To determine the intracellular signaling proteins that regulate glioma cell growth and survival, we used the human glioma cell lines U87, U373, and U343. These cell lines have been used extensively in the glioma field are well characterized for mutations in p53, p16, platelet-derived growth factor receptor, and EGFR and reflect the heterogeneity of glioma molecular characteristics (3 , 4) . To examine the role of several signaling proteins in glioma cell survival, DN forms of signaling proteins known to play important roles in controlling the proliferation and survival in other cell types were introduced into the glioma cell lines using a recombinant adenovirus-based approach. Recombinant adenoviruses have been used previously to assess the function of cell cycle genes in glioma cell lines (42 , 43) . Two important advantages of recombinant adenoviruses are the ability to obtain high virus titers (>10¹⁰ viral particles/ml) that result in infections of entire populations of cells in a culture dish for several weeks and the ability of the virus to infect nondividing or slowly proliferating cells at low toxicity. By using DN proteins to perturb signaling pathways in human glioma, we were able to assess their necessity for glioma growth and survival.

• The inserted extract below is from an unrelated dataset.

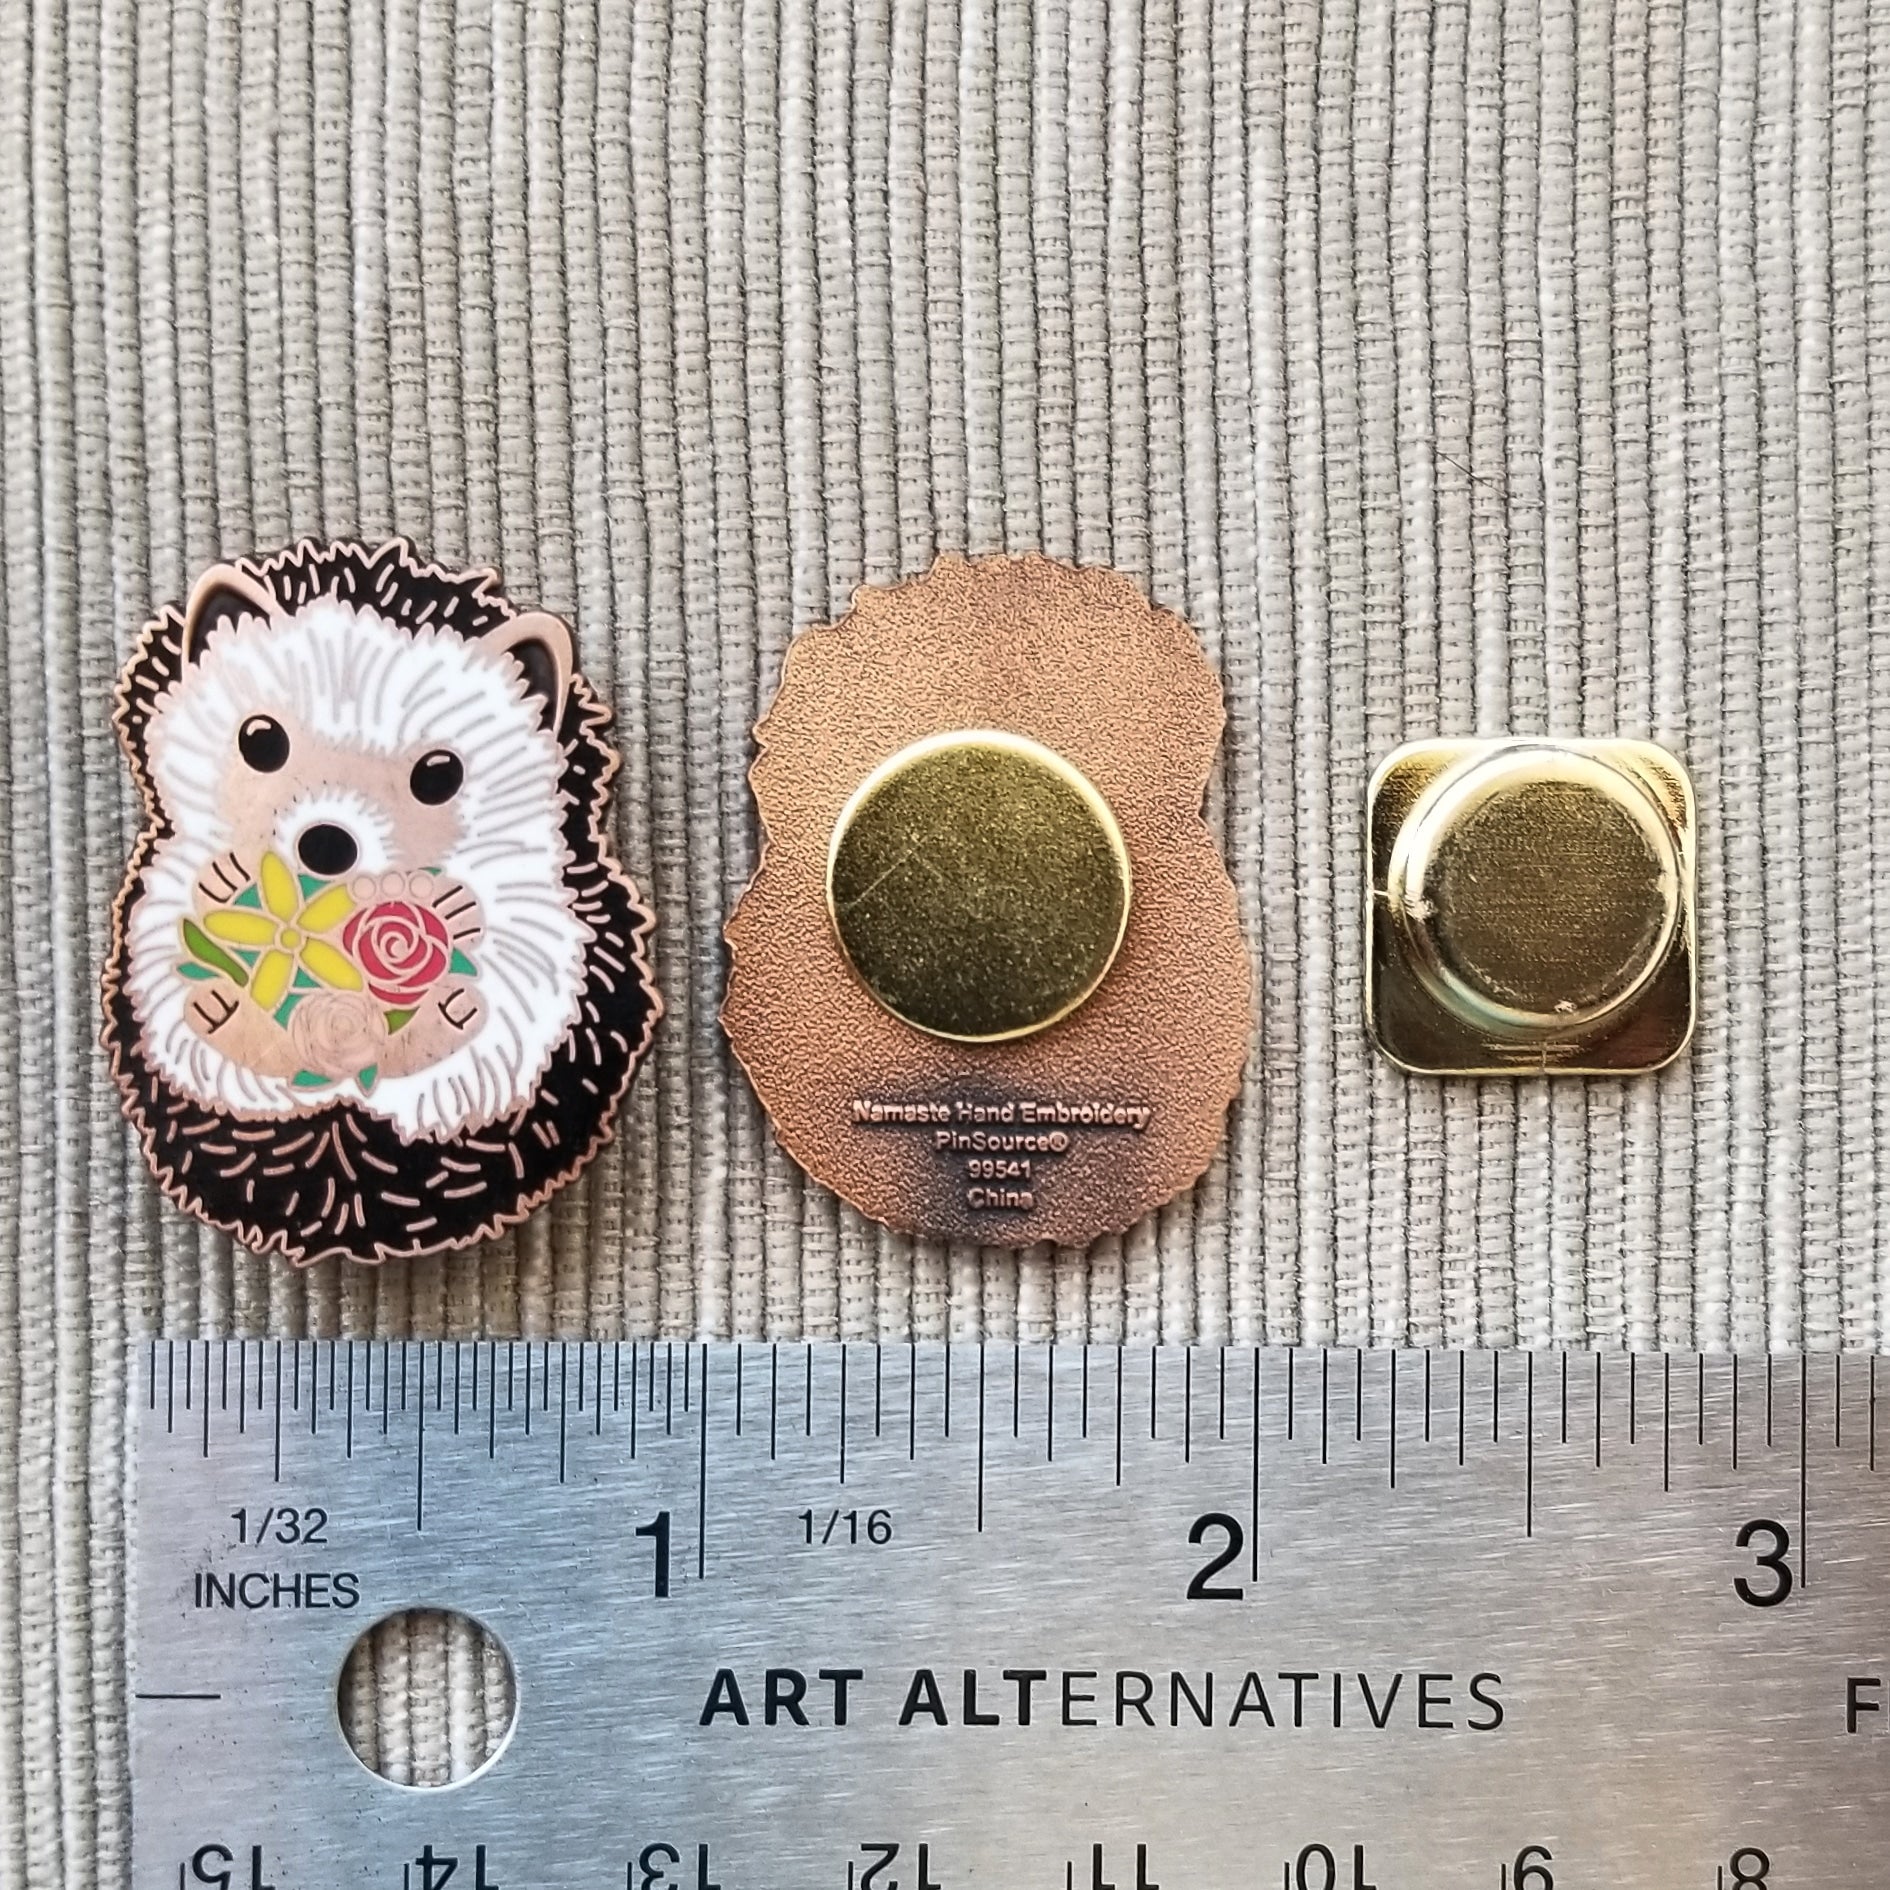 Outdoor Enamel Needle Minders, Needle Threader for Embroidery

Glioma cells were infected with recombinant adenoviruses encoding DN Rac1, DN Ras, DN Akt1, DN MEK1, DN c-jun, and DN RhoA, at a MOI (or plaque-forming units of virus added per cell) of 50 (Fig. 1A) . The viruses were used at MOIs that inhibited the activities of MAPK (in the case of DN Ras and DN MEK) or Akt (for DN Akt; data not shown) and that inhibited PAK1 (for DN Rac1, see below). Two days after infection, cells were assayed for survival by adding Alamar blue, a vital dye that quantifies mitochondrial enzyme function and is an assay for cell survival and growth (36 , 37) . As shown below, the results of this assay correlated well with TUNEL staining, a widely used assay for apoptosis that measures fragmentation of DNA. Suppression of the activities of Ras, Akt1, MEK, c-jun, or RhoA inhibited the survival of the cell lines up to 30%. Suppression of Akt at MOIs of 100 also did not inhibit cell survival by >30%. However, the effects were cell-line dependent, and in some cases (DN MEK in U87), cell survival was slightly stimulated. In contrast, inhibition of Rac1 activity using DN Rac1 significantly inhibited survival in all of the cell lines by 38–60%. DN Rac1 also suppressed survival in U118 and U138 human glioma cells (data not shown). The suppression of survival was dose dependent, with maximal suppression seen at 200 MOI (Fig. 1, B and C) . Infection with control adenoviruses expressing either GFP or ß-galactosidase had no effect on survival or growth (Fig. 2 and data not shown). In contrast, infection with a recombinant adenovirus expressing the Rho family member cdc42 had either stimulatory effects on U87 cells or mildly inhibitory effects on the survival of U373 cells, as compared with infection with DN Rac1 (Fig. 1D) . These results suggest that Rac1 mediates the survival of glioma cell lines by a pathway independent of either cdc42 or RhoA.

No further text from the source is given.